Second: Get all hands on deck. Data collection, monitoring, and reporting will require multiple actors, including country governments and global partnerships, and should involve existing cross-country data reporting efforts. Global databases such as UNdata and the World Development Indicators should work to include the 20 indicators in their standard gender data reporting. This means that country governments already collecting data on the 20 proposed indicators will need to continue to update and improve the quality of the underlying data. Meanwhile, countries not currently collecting and disseminating this data will need to make it one of their priorities. On the international stage, the newly established Global Partnership for Sustainable Development Data should take the lead in coordinating and energizing the data collection efforts already set in motion (by ONE, the UN Foundation, Data2X, and a host of other partners). Getting the Partnership to support the 20 indicators could help translate its broad-brush commitments into tangible action, and help abate concerns my colleagues have raised about whether the Partnership can deliver for low-income countries.

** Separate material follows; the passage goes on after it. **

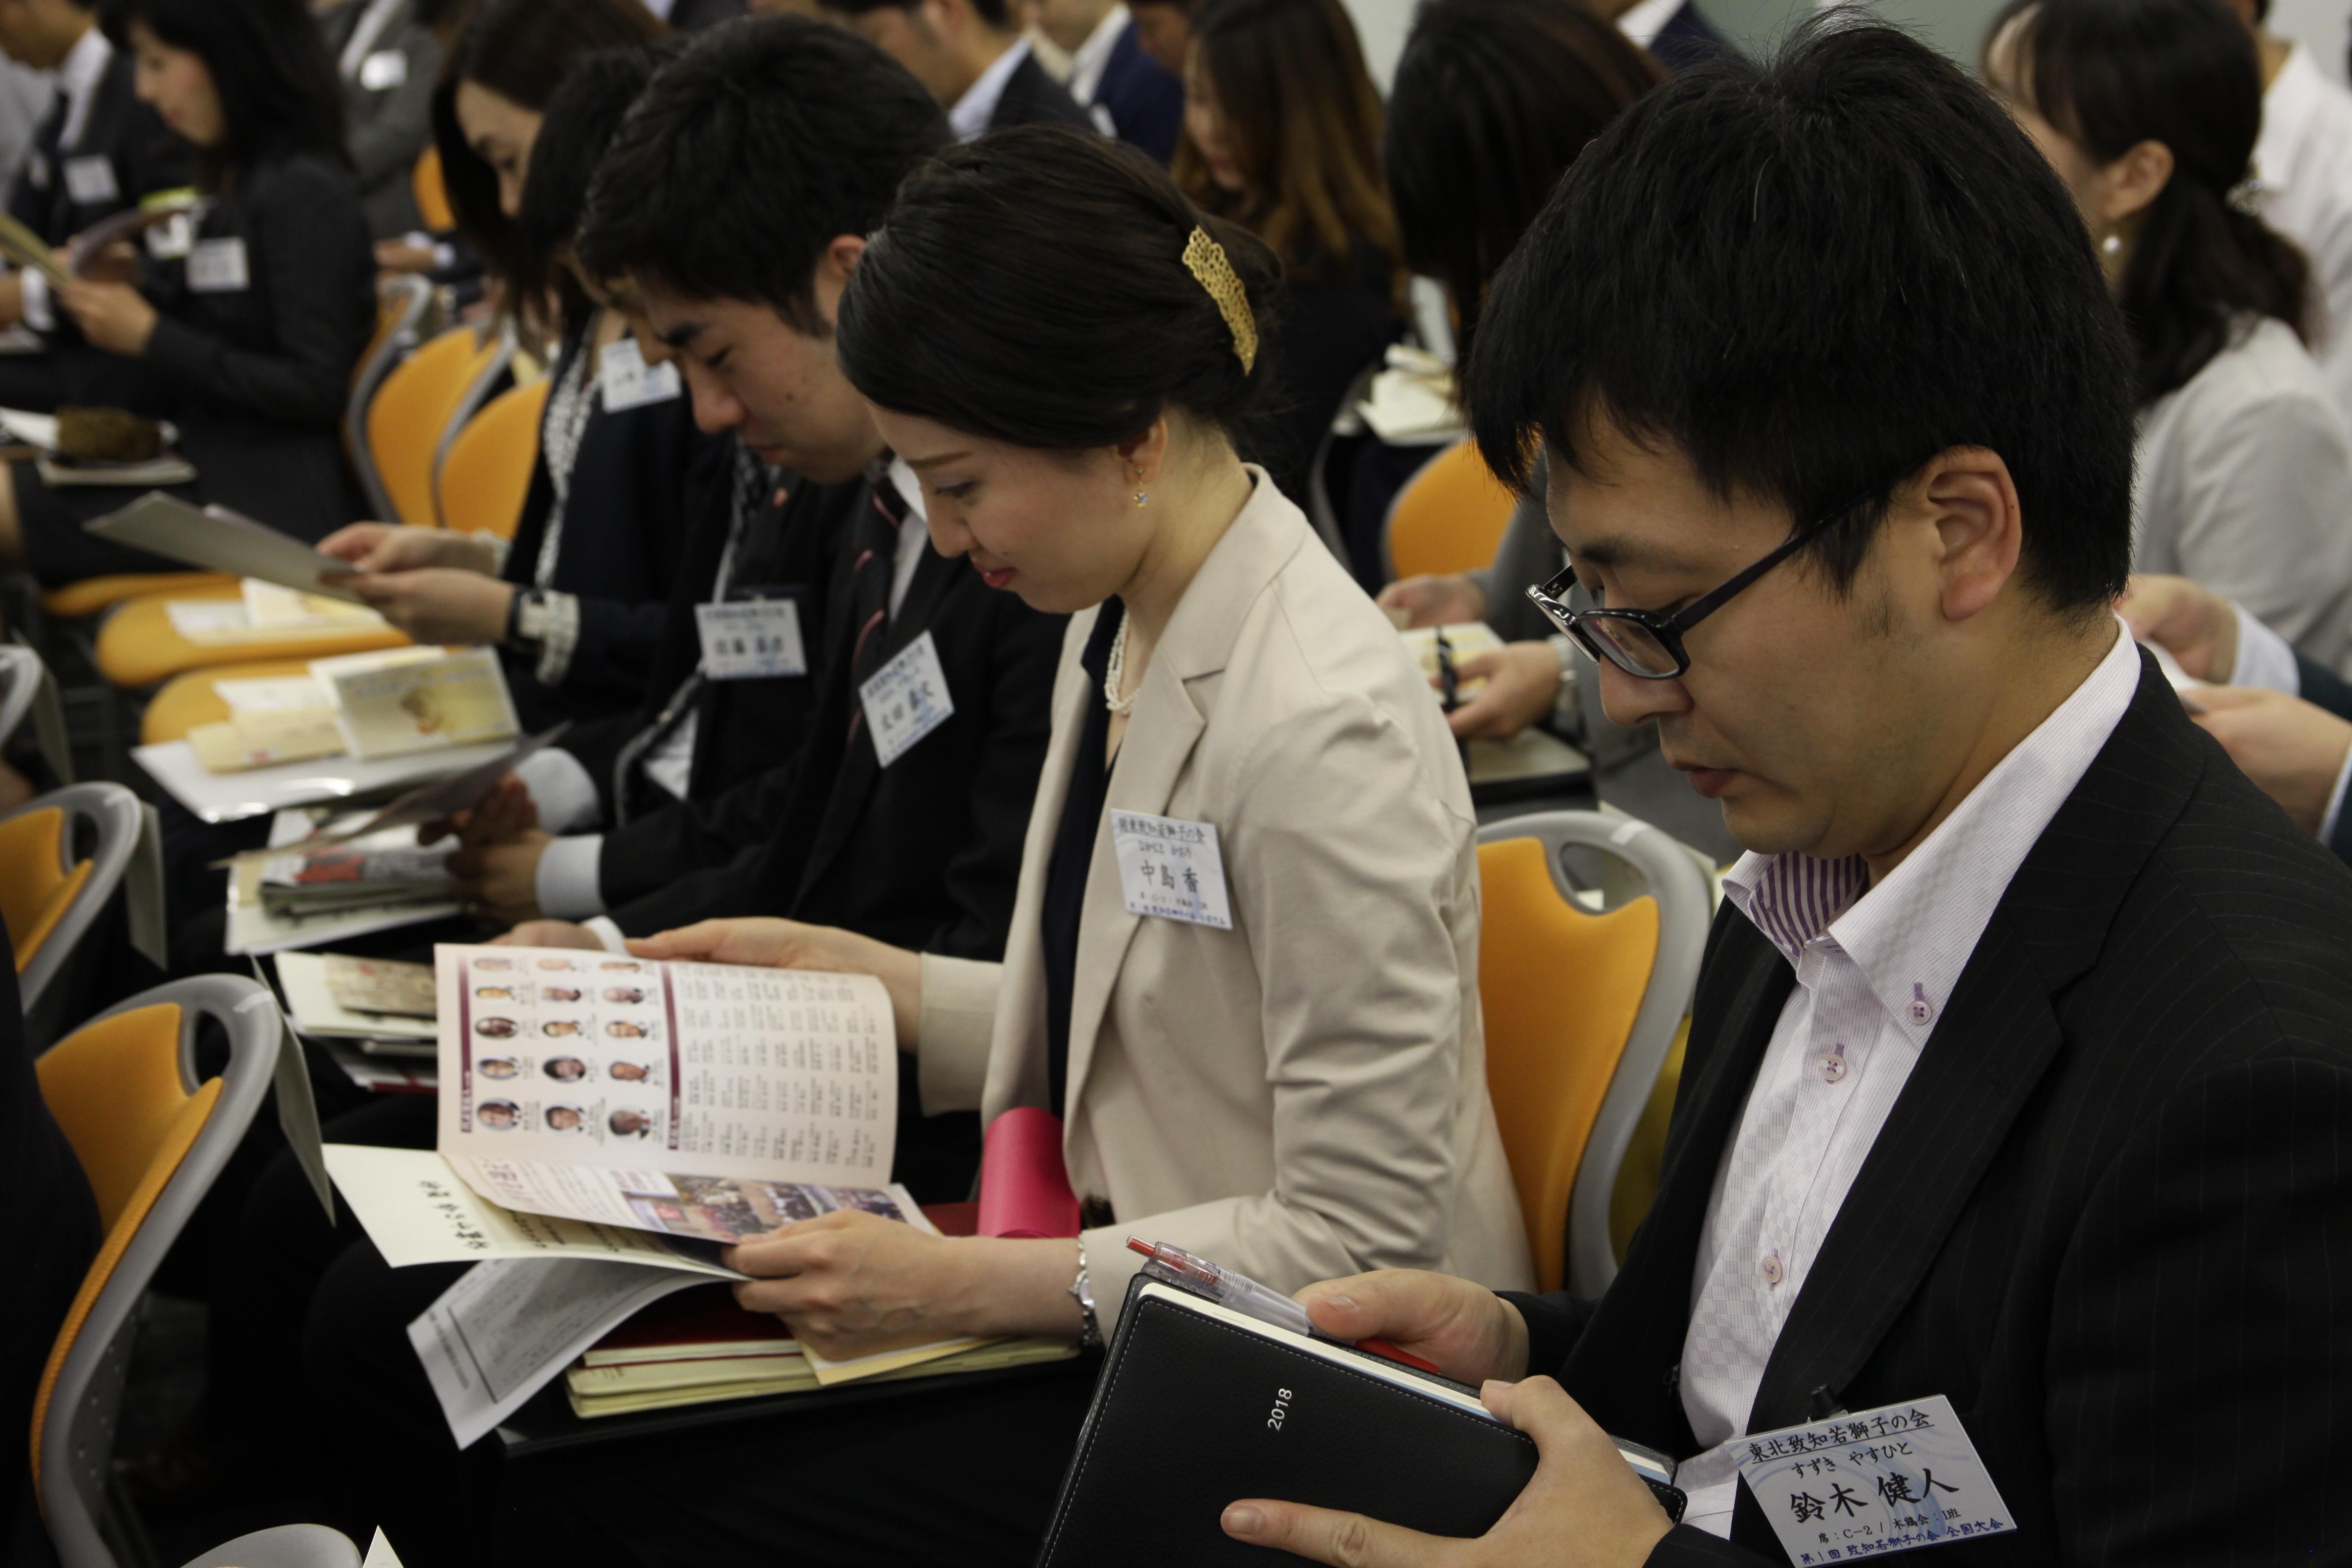 IMG 4509 - 関東若獅子の会、記念すべき第100回

Third: Harness country-owned planning mechanisms that have proven to be effective, as well as existing commitments at the country and international levels during the initial data collection process. One way of doing this would be through compacts between country governments and bilateral or multilateral donors, which would help ensure data is open, accurate, and timely. In addition, the World Bank’s recent commitment to “ensure that the 70 poorest nations have household-level surveys every three years” should incorporate measurement of the 20 indicators. International data-related initiatives have a role to play in supporting and advocating for closing gender data gaps through these partnerships with developing countries.
As Drummond and others have made clear, good data collection is central to advancing gender equality, and gender equality is central to development progress. The 20 “ready to measure” indicators will allow us to take the first steps in tackling the sexist data crisis, but we can’t — and shouldn’t — stop there. In an upcoming blog post, we will turn to the longer-term obstacles to collecting data on women and girls.